Washington is now attempting to claw back leverage in London. President Trump, who has warned for years about the dangers of relying on adversaries for critical inputs, is trying to use the tariff talks to force Beijing to restore export flows. China, for its part, has allowed a few rare-earth export licenses to be processed, but it has not clarified who will benefit or on what terms.
U.S. Treasury Secretary Scott Bessent (right) shakes hands with China’s Vice Premier He Lifeng during trade talks at Lancaster House in London on June 9, 2025. (U.S. Department of the Treasury)
An Avoidable Crisis
This could have been avoided. As far back as 2017, we reported on the precarious state of America’s only rare earth mine—Mountain Pass, in California—and noted that strategic national interest might eventually justify direct federal intervention.

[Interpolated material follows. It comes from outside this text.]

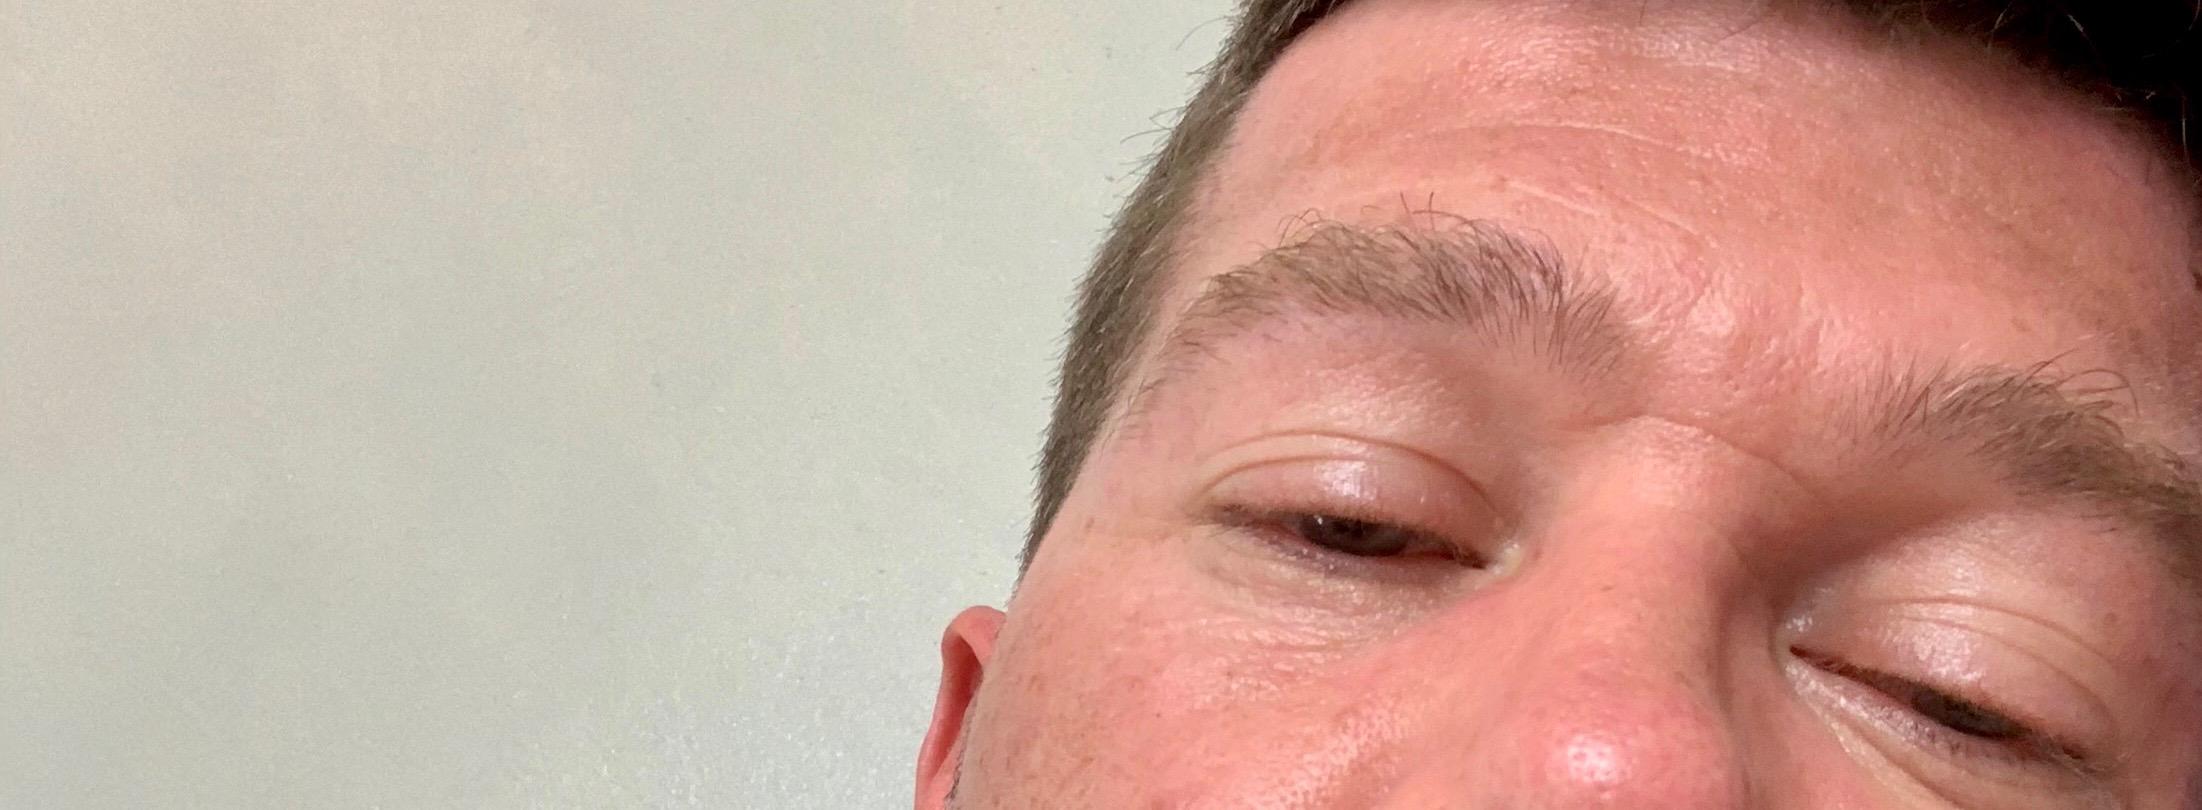 ryan-moulton-eyes-depression.jpg

The mine did reopen and continues to operate today under MP Materials, producing a significant share of global rare earth concentrate. But the processing and refining still largely take place in China. And as we warned at the time, the U.S. left itself dependent not just on Chinese resources, but Chinese capital and capacity.
The current standoff is the result not of sudden Chinese belligerence, but of a failure to act when the path was clear. After Beijing signaled in 2021 that it might restrict exports to pressure U.S. defense contractors, the risk was plain. Even then, policymakers preferred working groups and task forces to anything resembling industrial policy.
The Trump administration’s approach now appears to be moving in a more assertive direction. Tariffs on Chinese goods, including those critical to green tech, have been raised. But the meetings in London this week make it clear that we are still dangerously dependent on China for rare earths.
There is a broader lesson here. “Globalization” doesn’t eliminate strategic competition—it just conceals it, until one party decides to use the tools it’s accumulated. Rare earths are only one example. The more sobering point is how many other inputs, components, and minerals fall into the same category.
The rare earths crisis was always going to arrive eventually. The surprise is not that it happened, but how little we did to prepare.